__EXERCISE GOAL__: Retype exactly the span of lines below from the one with "111-168-26Стильные мужские полуботинки" through the one with "Królewski Ogród światła Drone In Warsaw". Do not include pictures.

__EXTRACTED DATA__:

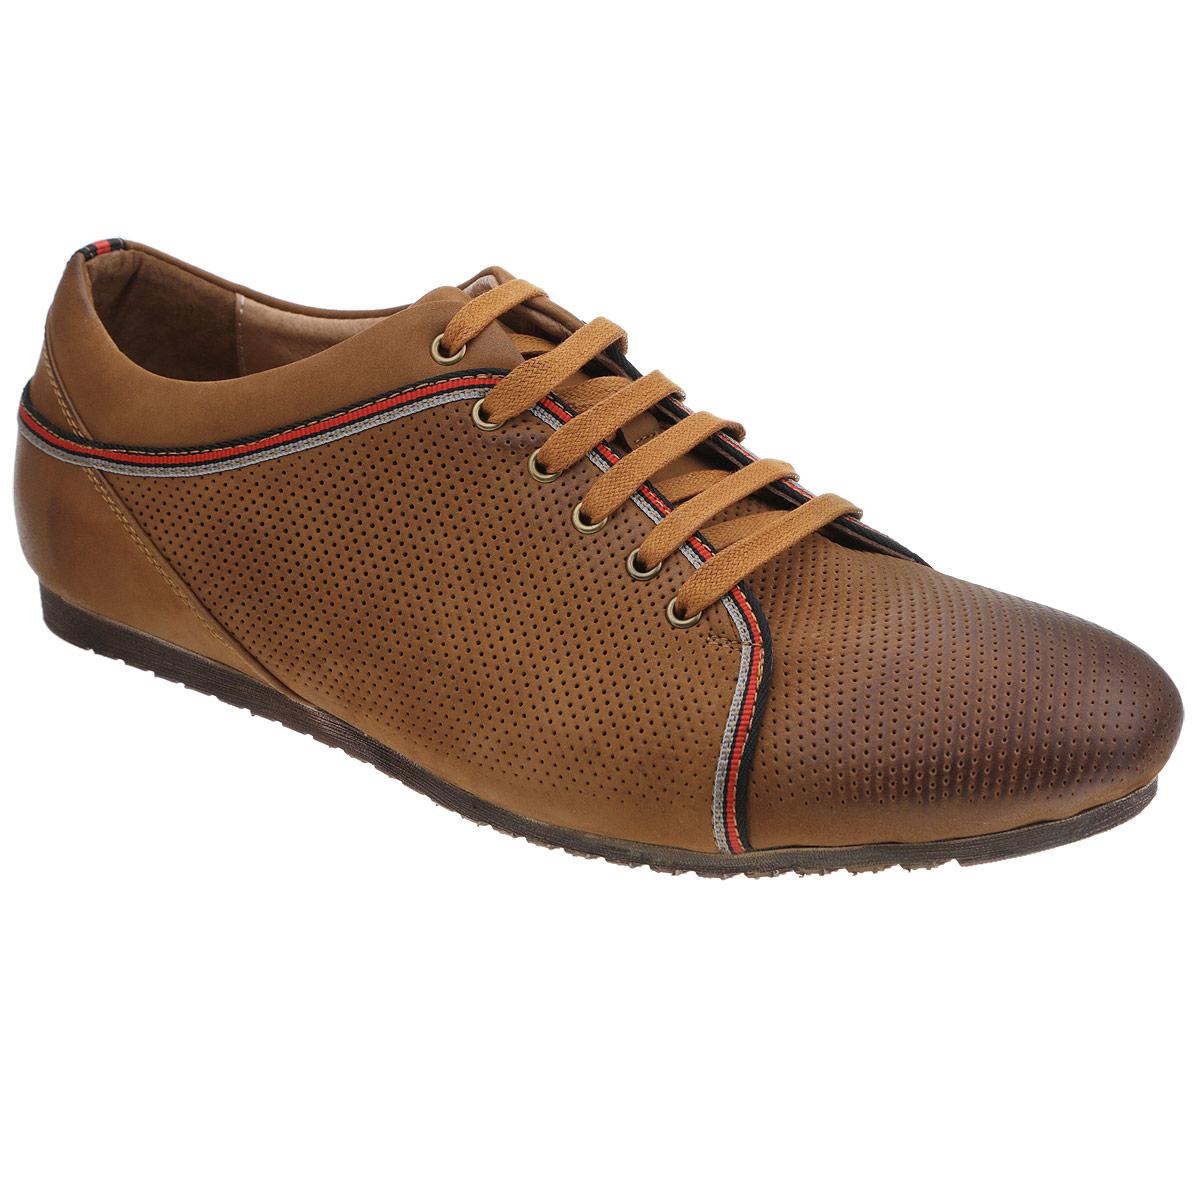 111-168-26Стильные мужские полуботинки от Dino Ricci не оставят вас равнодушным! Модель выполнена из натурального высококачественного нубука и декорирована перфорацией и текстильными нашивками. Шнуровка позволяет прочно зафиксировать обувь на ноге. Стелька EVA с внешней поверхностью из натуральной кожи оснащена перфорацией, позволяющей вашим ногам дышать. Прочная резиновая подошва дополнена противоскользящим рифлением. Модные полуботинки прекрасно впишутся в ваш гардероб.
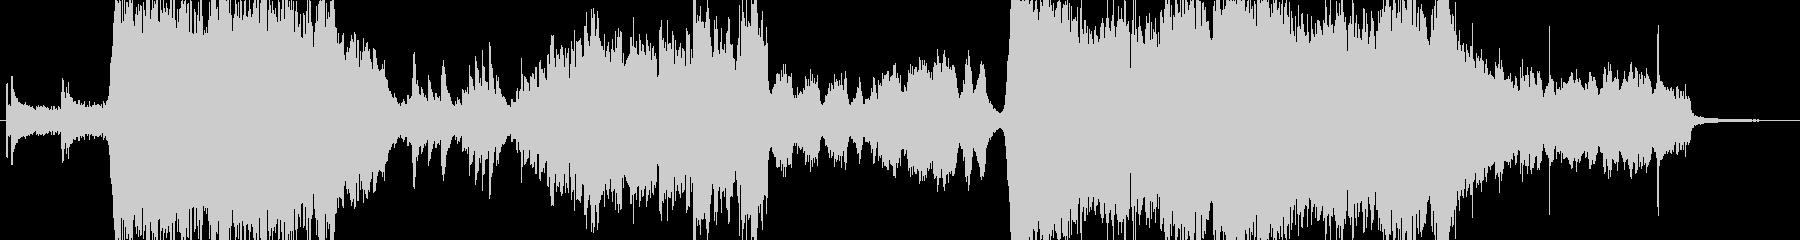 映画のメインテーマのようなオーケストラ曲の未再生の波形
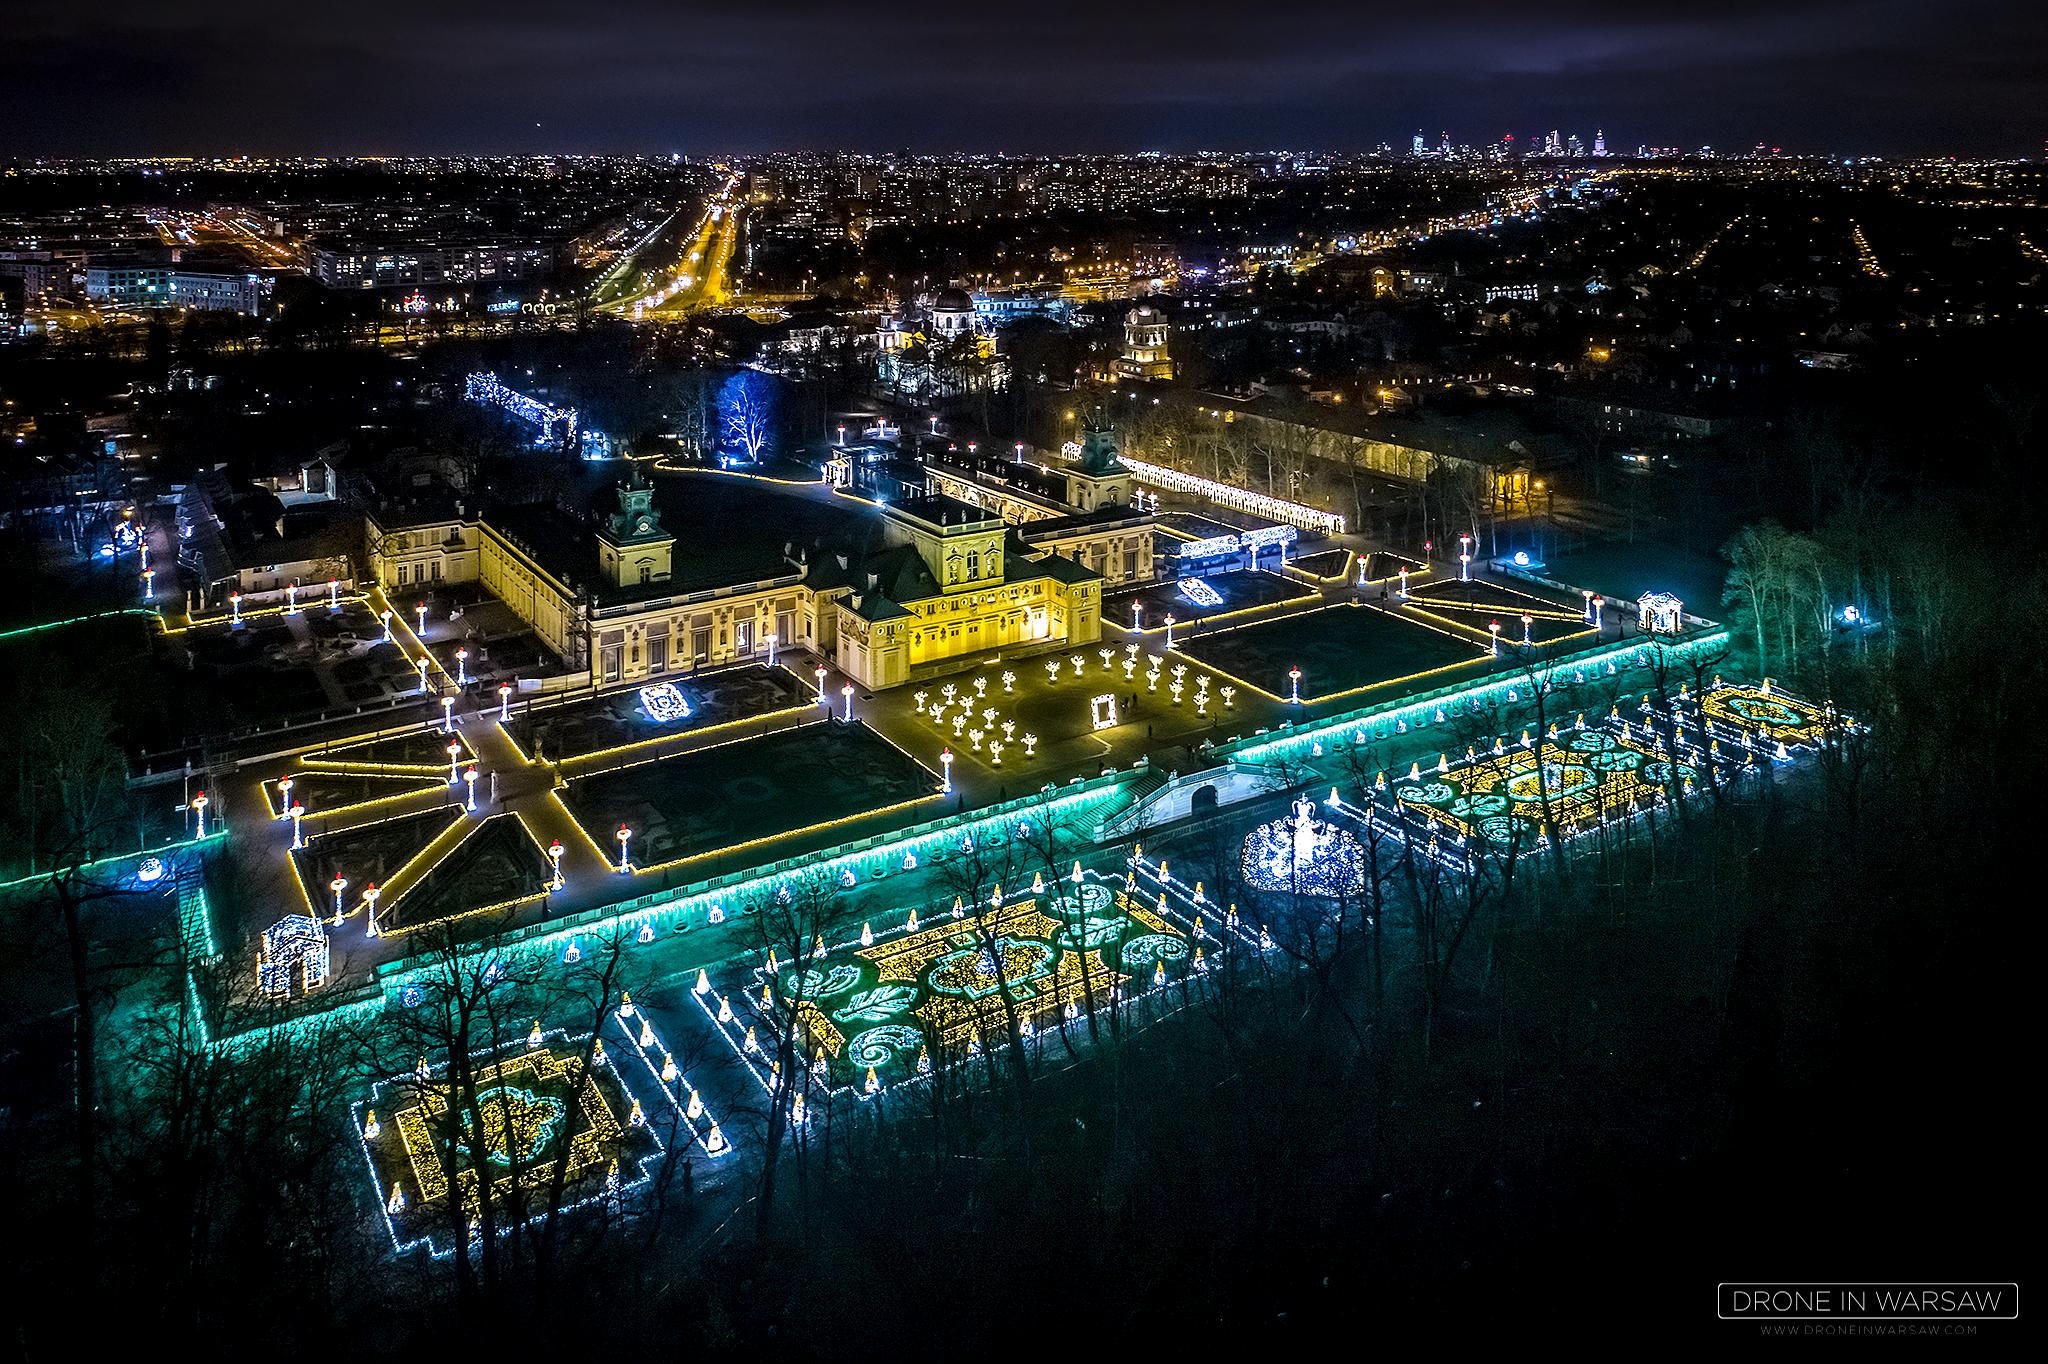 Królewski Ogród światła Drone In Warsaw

...

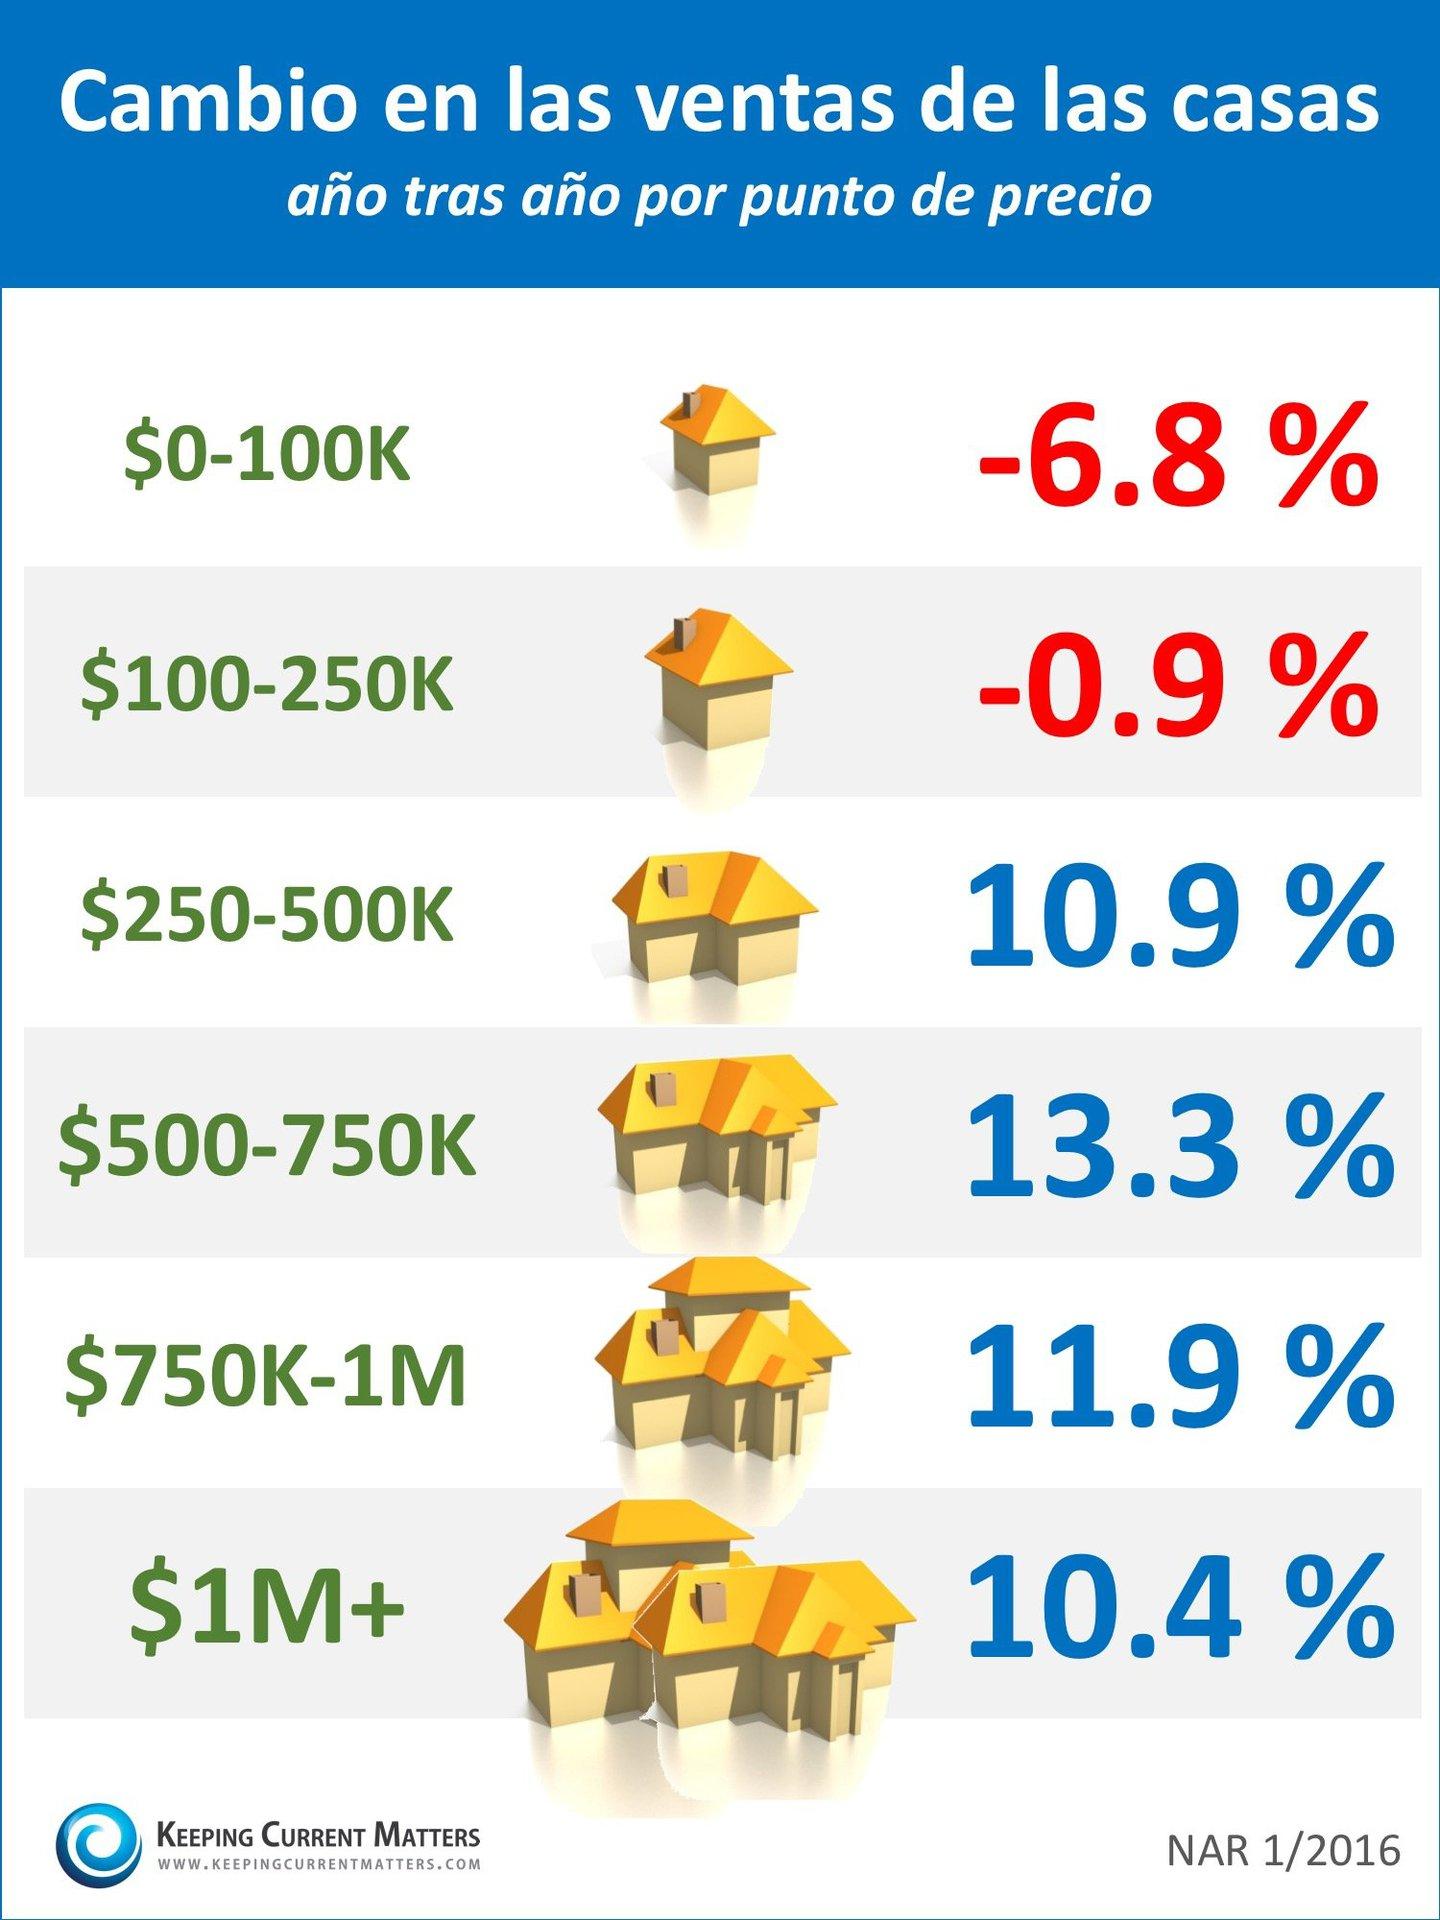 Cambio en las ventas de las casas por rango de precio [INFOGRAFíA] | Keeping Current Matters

__RESPONSE__:
 111-168-26Стильные мужские полуботинки от Dino Ricci не оставят вас равнодушным! Модель выполнена из натурального высококачественного нубука и декорирована перфорацией и текстильными нашивками. Шнуровка позволяет прочно зафиксировать обувь на ноге. Стелька EVA с внешней поверхностью из натуральной кожи оснащена перфорацией, позволяющей вашим ногам дышать. Прочная резиновая подошва дополнена противоскользящим рифлением. Модные полуботинки прекрасно впишутся в ваш гардероб.
 映画のメインテーマのようなオーケストラ曲の未再生の波形
 Królewski Ogród światła Drone In Warsaw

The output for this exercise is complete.